武器はさらに複雑です。『MOUSE: やとわれの探偵』について クラシックな “ブームスティック” ショットガンから “ポータブルフリーザー” 凍結ガンまで、さまざまな武器が登場し、それぞれがアップグレードされると代替発射モードが装備されます。武器は最大 3 回のアップグレードを受けられ、外観と機能性が変化しますが、これには進行レベルごとに独自のアニメーションフレームが必要です。これは、デザインのわずかな視覚的な調整でも非常にコストがかかることを意味していました - ショットガンだけでも 880 個の個別のアニメーションフレームが必要でした。「武器のアニメーションを変更したかったら、このプロセスを最初からやり直す必要があり、数か月かかることもありました」と、Fumi Games の共同創業者兼 CEO である Mateusz Michala 氏は言います。

アセットストアのツール

Unity エディターでこれらのアニメーションをすべて管理するために、スタジオでは Unity Asset Store の PowerSprite アニメーター を使用しています。これは、Unity エディターのビルトインの アニメーションシステム よりもより適していることがわかったからです。ゴムホーススタイルはアニメーション間の滑らかなブレンドを必要としないため、Unity のアニメーションシステムの高度な機能は不要でした。「単にこちらのほうが、よりシンプルで速かったのです」と Artur は言います。

MOUSEのゲーム内スクリーンショット:P.I.Fumi Games、PlaySide Studiosの「For Hire」| Made with Unity。

武器のクリッピングの解決

より革新的な技術的決定の 1 つは、プレイヤーの武器を 3D 世界に存在するゲームオブジェクトとしてではなく、UI 要素として描画することでした。これにより、FPS 開発における古典的な問題である、銃モデルが壁や他のオブジェクトを突き抜けてしまう武器のクリッピングの問題がエレガントに解決されます。

しかし、この解決策により、銃口の炎やポータブルフリーザーのビームのような 3D 視覚効果をこれらの 2D UI 要素から発生しているように見せる方法という新たな課題が生じました。
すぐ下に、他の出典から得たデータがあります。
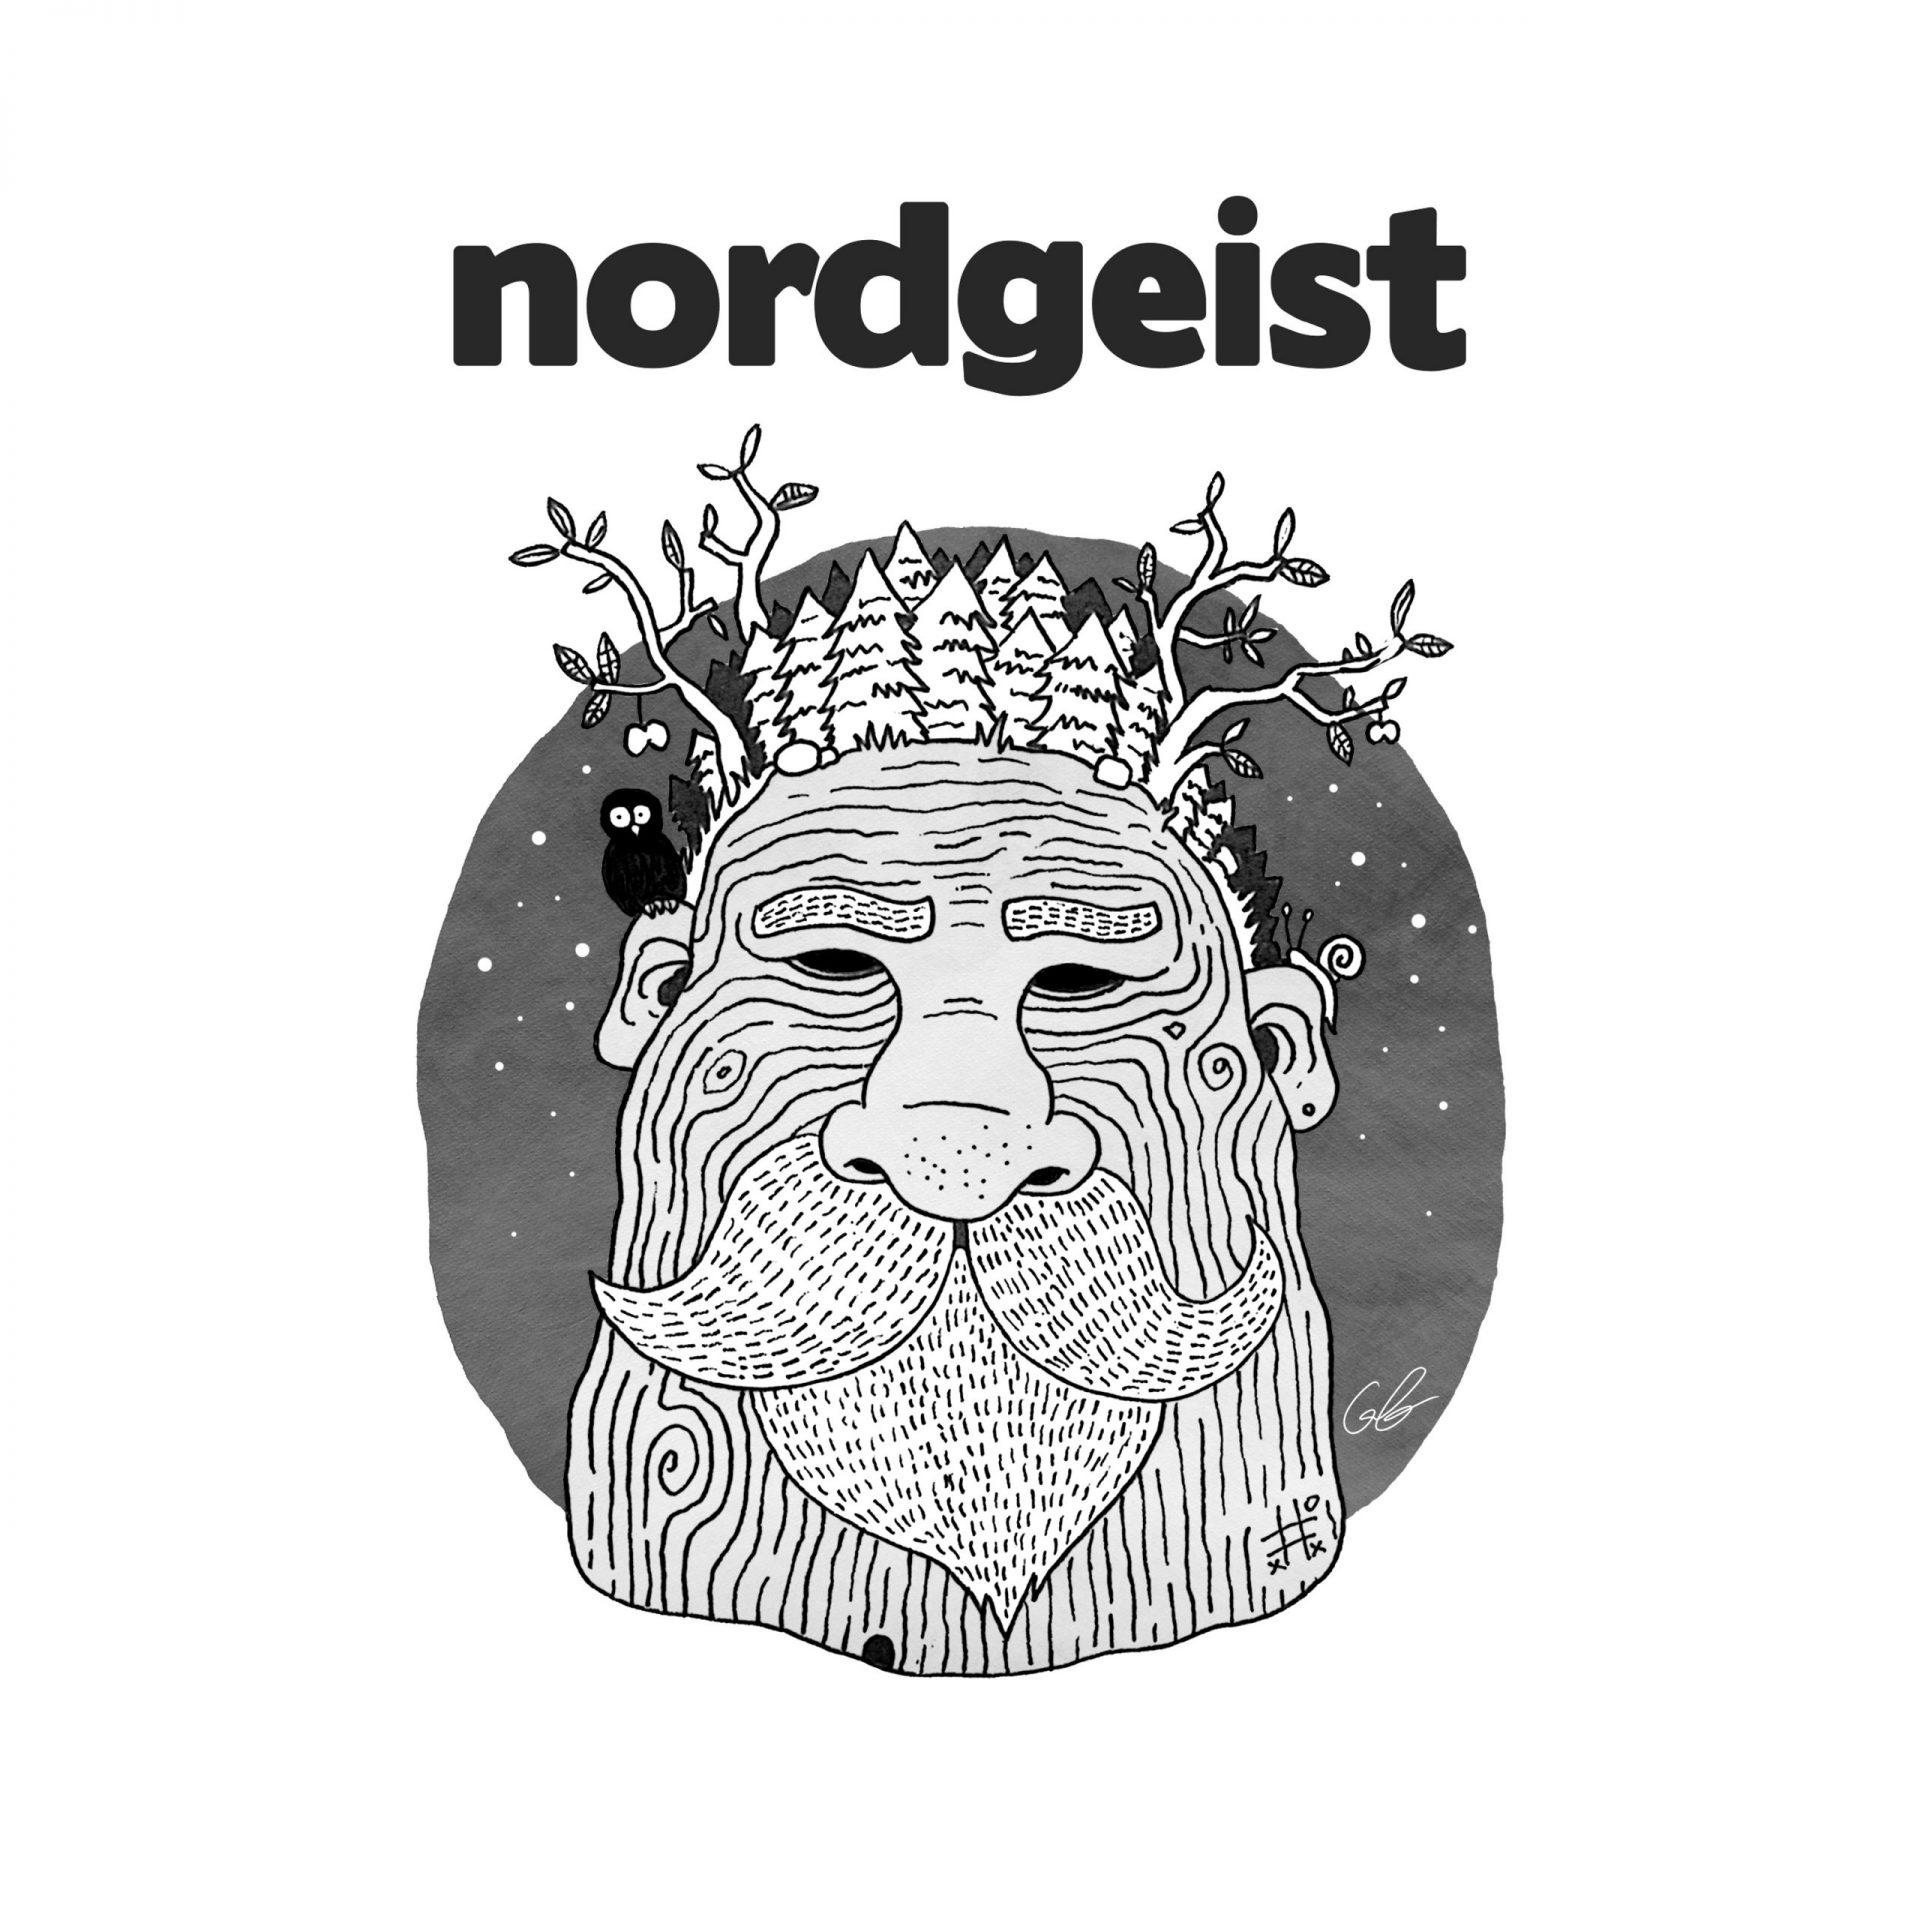 Nordgeister

「解決策は、2D ビューポート空間で効果の開始する位置を計算し、その位置を 3D 空間に変換してカメラのニアクリップ面のすぐ手前に配置することでした」と Artur は説明します。「難しいことでしたが、私たちはそれを克服しました。」

MOUSE:P.I.For Hire | Fumi Games | PlaySide Studios

ドローコールの削減

Fumi Games は、 『MOUSE: やとわれの探偵』の各3Dレベル (10種類以上の異なるバイオームにわたる) を、モジュラー方式で構築しています。壁や角、プロップなどを多数の小さなメッシュで構成しているため、柔軟性は高いものの、その分ドローコールの数も増加します。密集した都市シーンでは何千ものオブジェクトが使われるため、このCPUボトルネックを管理するうえで SRPバッチング が不可欠であり、ドローコールの統合に大きく貢献しました。

より広大なオープンシーンでは、チームは 階層的なレベル・オブ・ディテール (HLOD) を導入し、パフォーマンスを大幅に向上させました。「HLOD の実装をテストしたところ、パフォーマンスが 80 - 100% 向上しました」と Artur は述べています。

MOUSEのゲーム内スクリーンショット:P.I.Fumi Games、PlaySide Studiosの「For Hire」| Made with Unity。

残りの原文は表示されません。